Другой полицейский чем-нибудь накрывает верхний конец туловища, — где раньше была голова; посылают за рабочим, чтобы он починил газовую трубу, а ты возвращаешься в отель — завтракать. Уборщица с покрасневшими глазами замывает пятна крови на мраморном полу вестибюля. Убитый — не ты и не кто-нибудь из твоих знакомых, и все очень проголодались после холодной ночи и долгого вчерашнего дня на Гвадалахарском фронте.
— Вы видели его? — спрашивает кто-то за завтраком.
— Видел, — отвечаешь ты.
— Ведь мы по десять раз в день проходим там. На самом углу. — Кто-то шутит, что так можно и без зубов остаться, и еще кто-то говорит, что этим не шутят. И у всех столь свойственное людям на войне чувство. Не меня, ага! Не меня.
Убитые итальянцы, там, под Гвадалахарой, тоже были не ты, хотя убитые итальянцы из-за воспоминаний молодости все еще кажутся «нашими убитыми». Нет, не ты. Ты по-прежнему ранним утром выезжал на фронт в жалком автомобильчике с еще более жалким шофериком, который, видимо, терзался все сильнее по мере приближения к передовой. А вечером, иногда уже в темноте, без огней, ехал обратно, и твою машину с грохотом обгоняли тяжелые грузовики, и ты возвращался в хороший отель, где тебя ждала чистая постель и где ты за доллар в сутки занимал один из лучших номеров окнами на улицу. Номера поменьше, в глубине, с той стороны, куда не попадали снаряды, стоили гораздо дороже. А после того случая, когда снаряд разорвался на тротуаре перед самым отелем, ты получил прекрасный угловой номер из двух комнат, вдвое больше того, который ты раньше занимал, и дешевле, чем за доллар в сутки. Не меня убили. Ага! Нет, не меня. На этот раз не меня.

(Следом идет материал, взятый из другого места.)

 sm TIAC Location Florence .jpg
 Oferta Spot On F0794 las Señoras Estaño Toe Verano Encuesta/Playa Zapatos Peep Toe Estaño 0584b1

Потом в госпитале Американского общества друзей испанской демократии, расположенном в тылу Мораты, на Валенсийской дороге, мне сказали:
— Вас хочет видеть Рэвен.
— А я его знаю?
— Кажется, нет, — ответили мне, — но он хочет вас видеть.
— Где он?
— Наверху.
В палате наверху делали переливание крови какому-то человеку с очень серым лицом, который лежал на койке, вытянув руку, и, не глядя на булькающую бутылку, бесстрастным голосом стонал. Он стонал как-то механически, через правильные промежутки, и казалось, что стоны исходят не от него. Губы его не шевелились.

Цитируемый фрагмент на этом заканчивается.